Wednesday, September 15, 2010

Iron Ore-Prices steady, China sees limited impact from cutbacks

Asian iron ore spot prices were little changed on Wednesday, with the Steel Index benchmark languishing at near seven-week lows as the demand outlook remained hazy. Upcoming public holidays in China, the biggest buyer of the steelmaking ingredient , also limited activity in both the physical and forward swaps markets. Chinese markets are shut on Sept. 22-24 for the Mid-Autumn Festival and on Oct. 1-7 for the National Day holiday. "The market is quiet ahead of the Chinese holidays, not much going on," said Destiny Guo, an iron ore physical and derivatives broker at London Dry Bulk in Hong Kong.
The Steel Index 62 percent iron ore benchmark .IO62-CNI=SI stood at $139.20 a tonne at the end of trade on Tuesday, nearly flat from Monday's $139.30 and the lowest since July 30. Indian ore with 63.5 percent iron content was quoted at $146 to $148 a tonne, including freight on a landed China basis, on Wednesday, unchanged from Tuesday, Chinese industry consultant Mysteel said. The offers were down from last week's, which ranged between $147 and $152. "Quotations keep falling and I don't hear any deals," said an iron ore trader in Hangzhou in southern China. "We're considering buying some cargo and stocking it in the ports and waiting for the price to recover. We think the price will recover when the restriction on electricity use is over," he said, adding that he is looking for an offer below $145 for 63.5 grade Indian ore.

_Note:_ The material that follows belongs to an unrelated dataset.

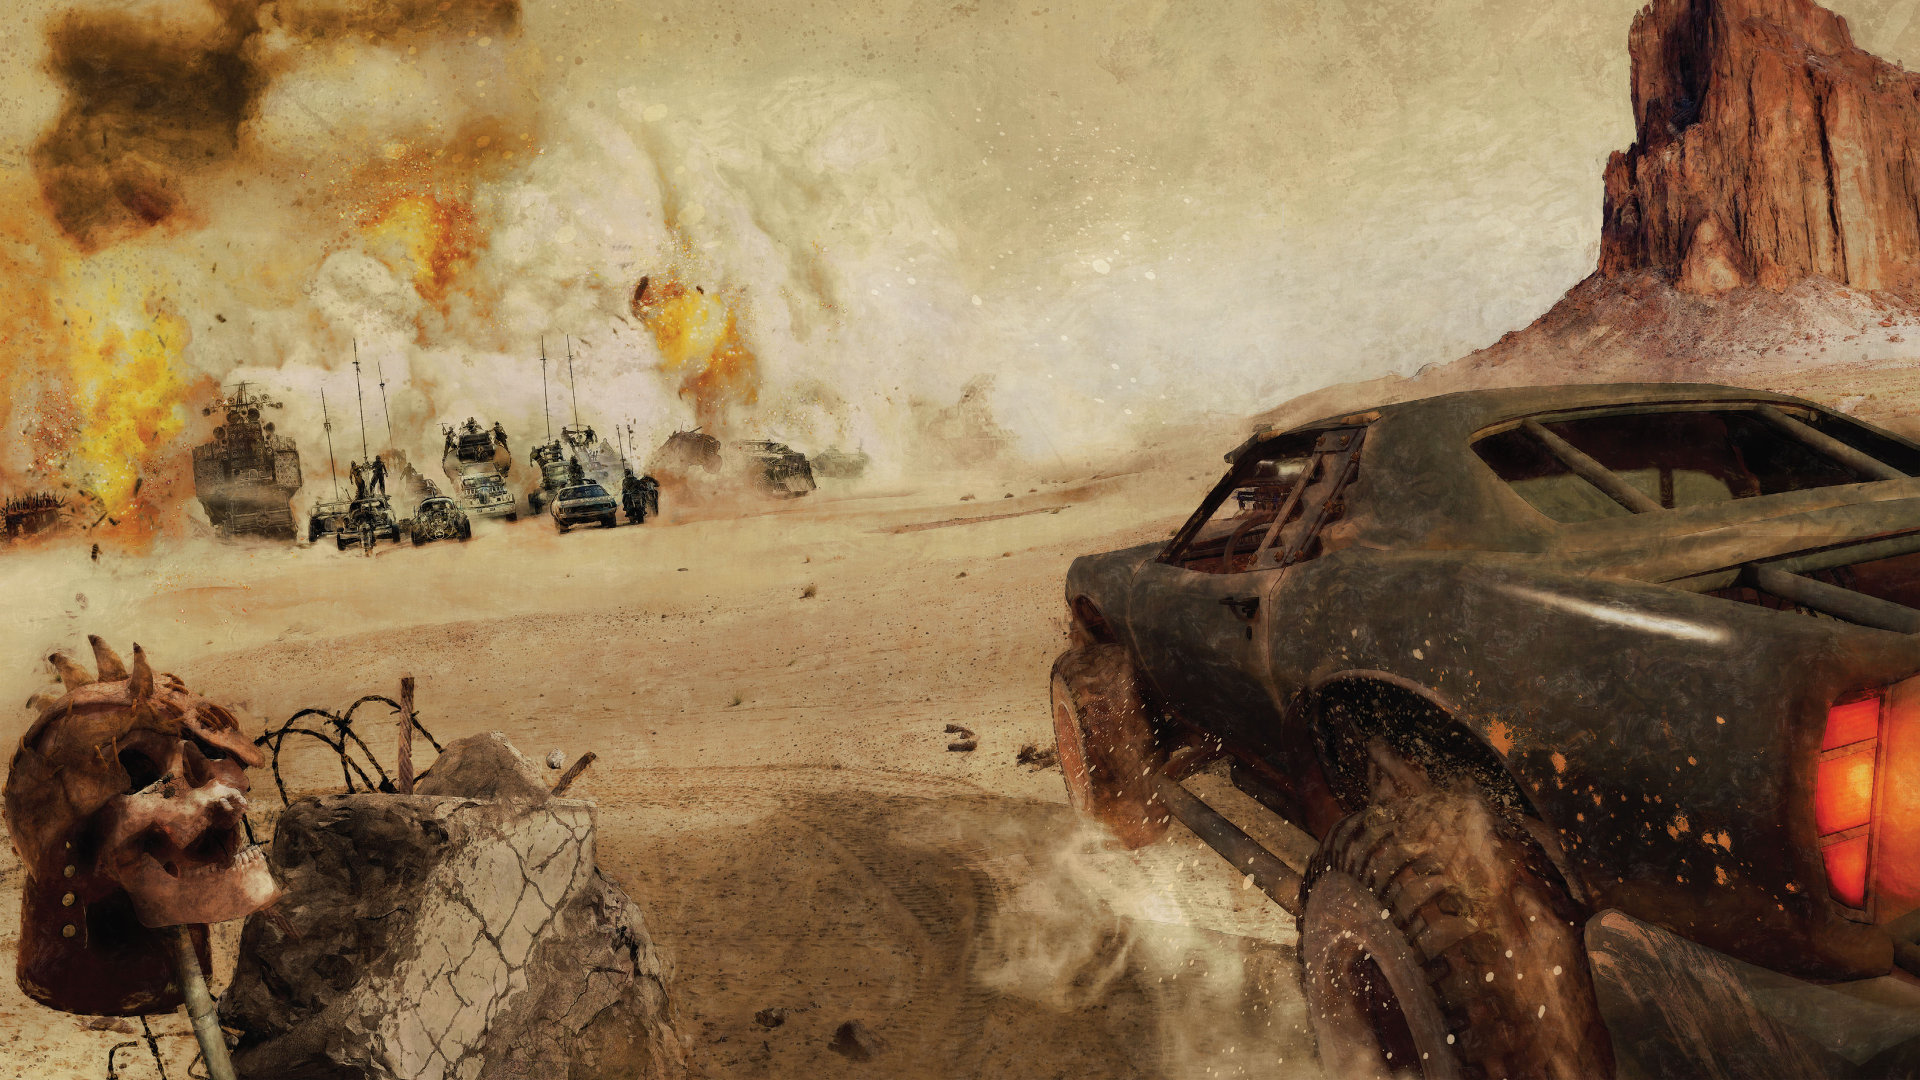 Download full hd 1920x1080 Mad Max: Fury Road PC wallpaper ID:137625 for free

China, the world's biggest steel producer and consumer, reiterated it will produce a record 620-630 million tonnes of crude steel this year, the same estimate it made in July, suggesting recent efforts to trim output would have a limited impact on production. "There is little chance that China's steel sector will see a significant change in demand in coming months," Luo Tiejun, deputy head of the raw materials branch of China's Ministry of Industry and Information Technology, told a conference in Shanghai.
China has either shut down or ordered steel mills, mainly in the steel production hub of Hebei province, to trim output by up to 70 percent as it rushes to meet a five-year energy efficiency target, due in 2010. Beijing's cutbacks had raised worries that demand for iron ore would slow during the usually peak September-October period. The prospect of tighter supplies in coming months has prompted Chinese steelmakers to raise prices, with industry leader Baoshan Iron & Steel saying on Tuesday it will raise prices of key steel products by up to 8 percent for October.
India, a major supplier to China, said its iron ore output and exports will fall by a quarter in the year to March because of a government crackdown on illegal mining and a continuing ban on exports by the southern Karnataka state.
India is the world's third-largest exporter of iron ore. On forward swaps, the October contract SGXIOc2 cleared by the Singapore Exchange dropped $1 to $130.50 a tonne on Tuesday, reflecting the weakness in the physical market. Traded volume for all 24 months was a lean 80 lots, or 40,000 tonnes.